While Cowboys CB Kelvin Joseph is being questioned, the murdered man’s loved ones seek justice

The last text message Emily Chavez received from Cameron Ray, her boyfriend of more than two years and roommate since December, arrived at 1:54 am on March 18. It consisted of three words.

I miss you.

Chavez and Ray were renting a house in Palestine, about a two-hour drive southeast of Dallas. She said Ray was closer to home. It does not come out much. When he does – like he did that night to celebrate his best friend’s birthday in Old East Dallas – they text sporadically all evening. She doesn’t fall asleep until she knows it’s safe.

Ray texted Chavez at 1:54 a.m., his best friend called at 2:18.

It’s like, ‘Where are you Emily?’ Chavez said: Where are you? Cam just got hurt, Emily. The camera has just been shot. “

Emily Chavez, Cameron Ray’s friend of more than two years, texted Ray on the morning of his murder. Ray was fatally shot in the head shortly after a skirmish outside a bar in Old East Dallas on March 18. The Chavez and Ray family were on a mission to find the people responsible for his death.

Ray, 20, was fatally shot in the head shortly after some members of his friend group clashed with another group outside a bar at 3600 block of Greenville Street. His loved ones want justice and are committed to achieving it. Since Ray’s death on March 18, they have been tracking the social media activity of people they believe are responsible.

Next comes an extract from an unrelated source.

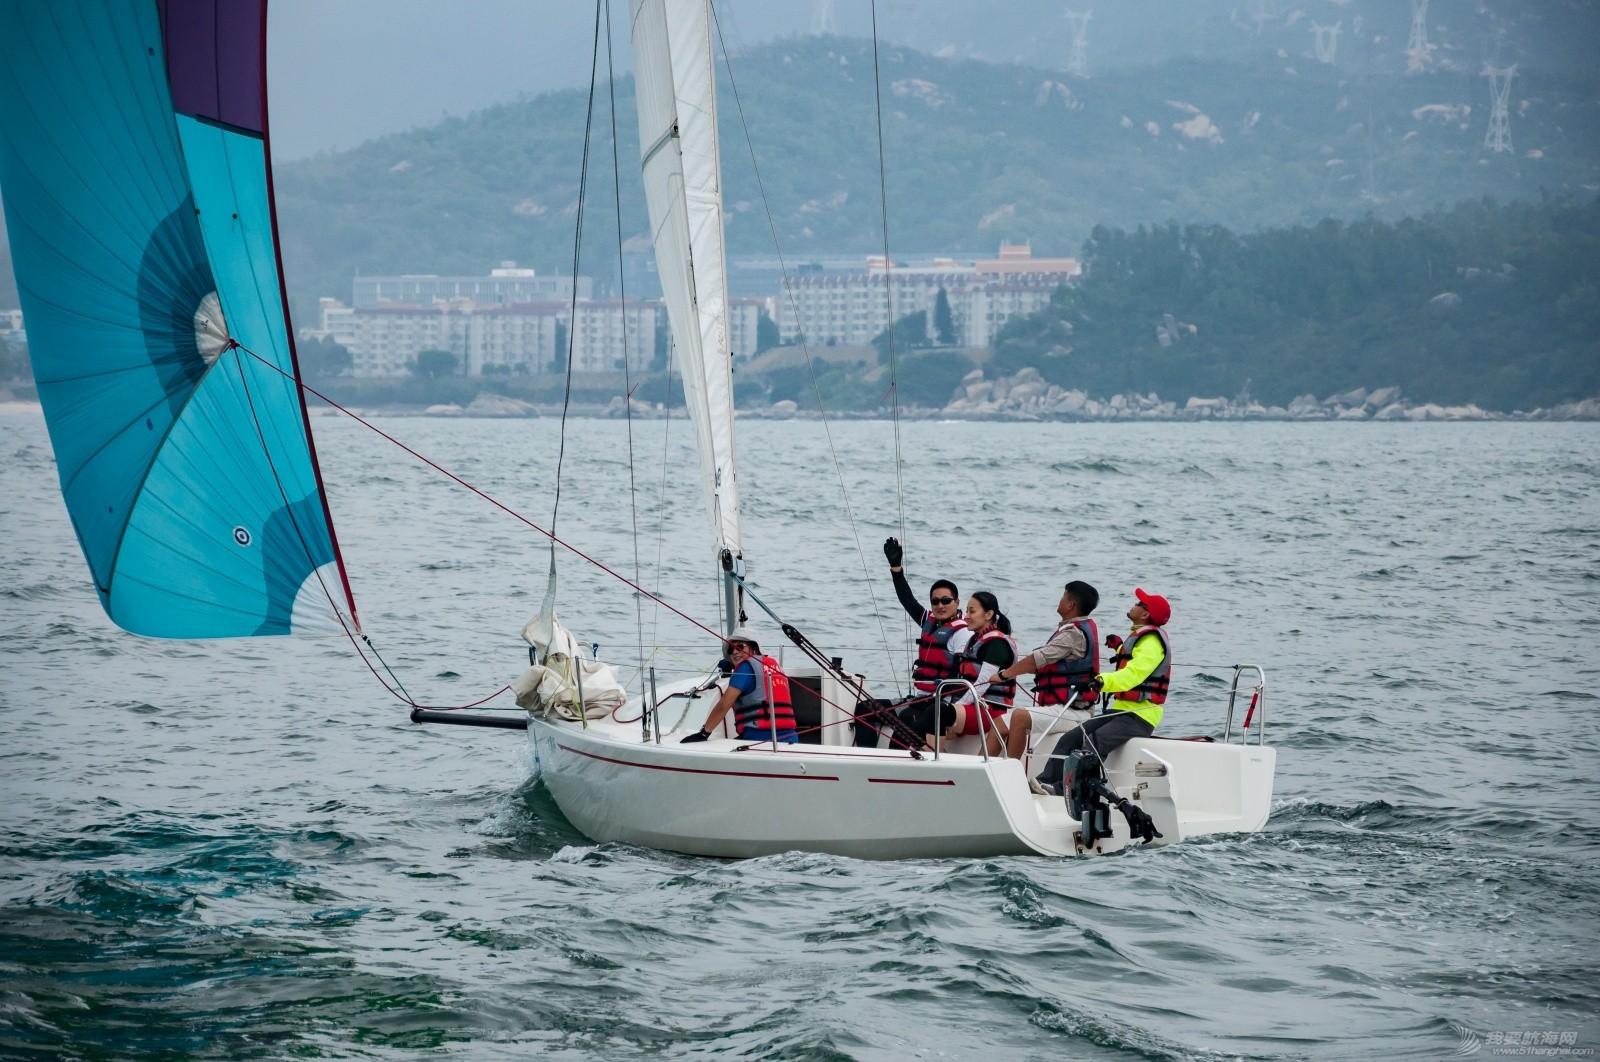 【2015大鹏杯帆船赛】51航海网船队在比赛中 s004.jpg

Calvin Joseph is one of them.

Barry Sorrells, Joseph’s attorney, said Friday that Joseph was a passenger in the black SUV from which Ray and his friends were shot shortly after facing the groups. The lawyer said Dallas Morning News That Joseph was not the shooter. Dallas police investigators interviewed Joseph for a few hours Friday afternoon, and no charges have been filed against him at this time.

Joseph became linked to the murder investigation after police on Wednesday released surveillance footage of him and five others before the shooting, asking the public to help identify them.

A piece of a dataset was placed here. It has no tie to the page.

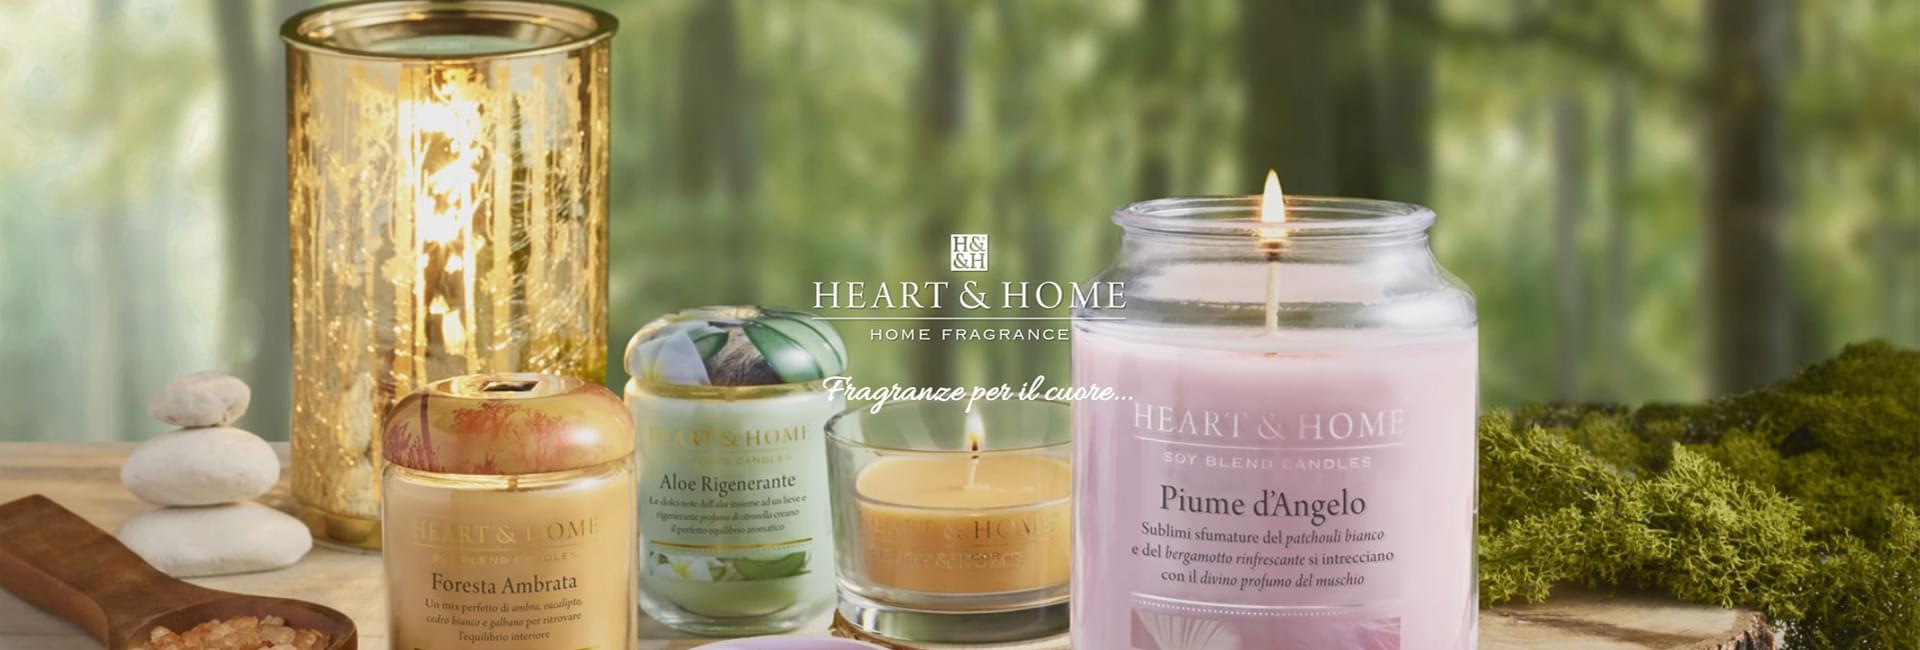 Heart Home Candele.Heart Home Candele In Cera Di Soia Ecosostenibili La Galleria

“I feel very angry, the fact that he’s trying to clear his name,” Chavez said of Joseph. “I understand that you are a star. You play football. You have a career. You have your beautifully defined life. But if you are so innocent, why would you take the police to take out the video and for your fans to recognize you for you to admit it?”

Mourning and searching

Most people call it cam.

Some of those who knew him from basketball – he excelled in Athens High School – affectionately called him “Boom”.

Ray was Christy Ray’s firstborn, and was her only son. She said he was respectful and loving, and made sure to call his mother daily.

“That was my baby,” Kristi Ray said. “I’m just trying to stay strong, but it’s hard.”

She described him as the older brother who protects his three sisters. When someone got a boyfriend, he wanted to know. Ray was always trying to make people laugh. Kristi Ray said he was gifted with a sense of humor of both parents, and wasn’t afraid to act foolishly or dance to elicit laughter from those around him.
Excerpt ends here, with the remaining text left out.